Ambos reímos, contentos, felices, serenos.
   –Pues al final tengo ganas de leer y todo. Todo es más divertido cuando lo hago junto a ti.

Solemos leer en una sala cerca de la entrada, porque hay unas estanterías repletas de libros, dos sillones cómodos donde devorarlos, una pequeña mesita y una iluminación óptima para la tarea. A parte de eso es una sala sin decoración alguna. Nos sentamos cada uno en un sillón y abrimos nuestros libros, nos sumergimos en ellos. Yo estoy leyendo uno que se titula “Eres”, de un escritor con el mismo nombre que la persona que está en frente de mí, y me lo recomendó alguien… aunque ahora mismo no puedo recordar quién. Alguien del trabajo, supongo. Me sumerjo en la historia casi en seguida, por algún motivo no me cuesta nada meterme en la piel de la protagonista, y me gusta tanto el libro que apenas me doy cuenta de que pasa el tiempo.
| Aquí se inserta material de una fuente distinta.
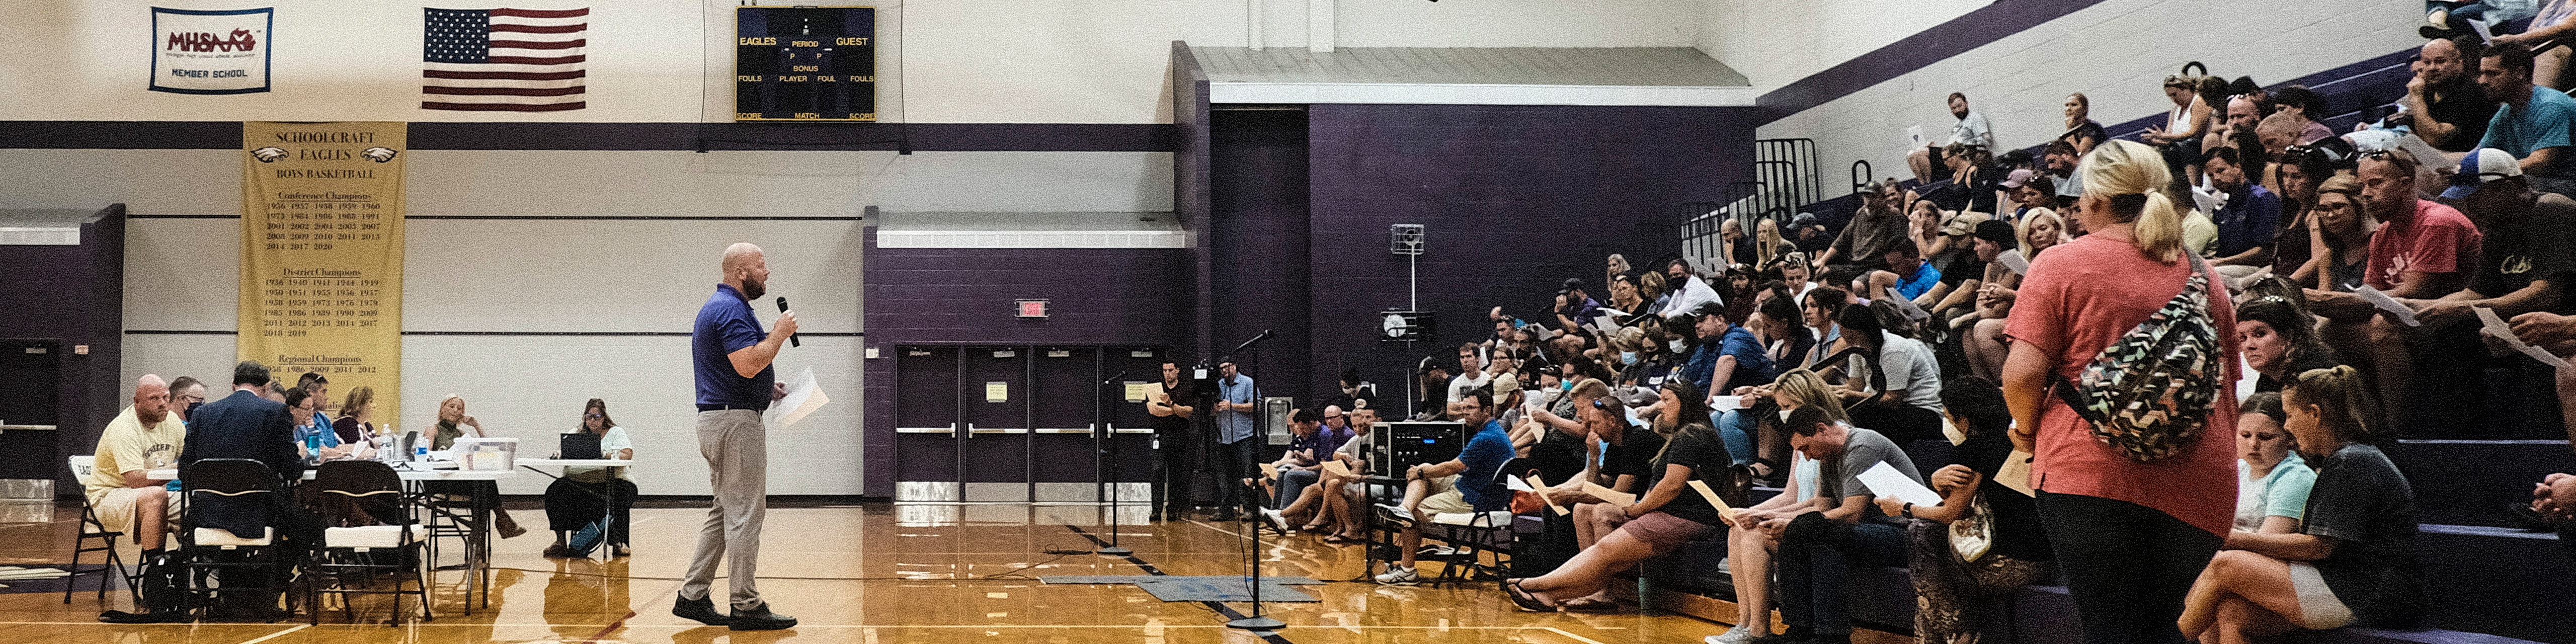 People attend a special Board of Education Meeting on mask mandates for students and staff in Kalamazoo County Schools at the Schoolcraft High School Gymnasium on August 23, 2021 in Schoolcraft, Michigan.

Como hemos desayunado tarde, la hora de la comida pasa sin que nos demos cuenta, y no levanto la cabeza del libro hasta que la historia culmina con el protagonista siendo atropellado. Es un final muy abierto, pero me ha gustado mucho el libro, así que espero que haya segunda parte.
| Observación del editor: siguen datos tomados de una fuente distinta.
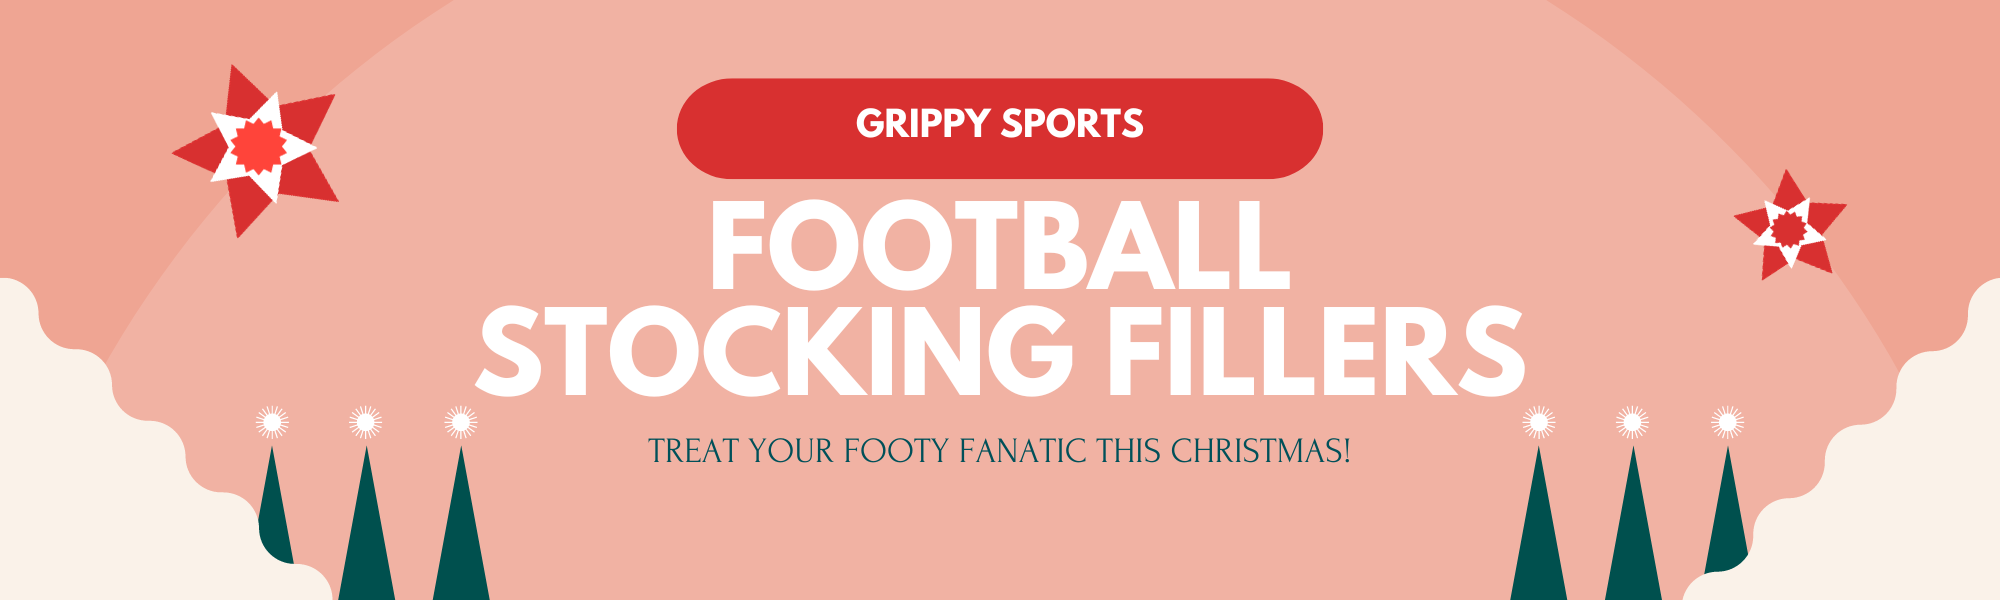 Football Stocking Fillers

Levanto la vista y le miro mientras lee un libro titulado “Culpable”, pero no puedo leer el autor porque está bajo sus manos, que sujetan el libro con delicadeza. El suyo es algo más largo que el mío, pero parece que está terminando también. Le observo hasta que finalmente alza la vista y nuestras miradas se cruzan. Sonrío. Sonríe.
Hablamos sobre nuestros libros un rato. Él me dice que en su libro una pareja discute y al final la chica termina por tirarle un jarrón para que el chico se marche de casa. Me relata como el joven se va sangrando por la cabeza dando un portazo.
   –¿Y qué pasa al final?– la historia me ha interesado.
   –Tendrás que leerlo para saberlo– sonríe mientras me da un beso en los labios–. Bueno, me ha entrado hambre, ¿Quieres algo?
Asiento mientras dejamos nuestros libros sobre la mesita y él comienza a andar hacia la puerta. Mientras, me acerco a su libro para ver quien es el autor, pero en ese momento él apaga la luz y se ríe en el pasillo.
   –¡Eh!– digo con un falso enfado–. ¡Ya verás cuando te pille!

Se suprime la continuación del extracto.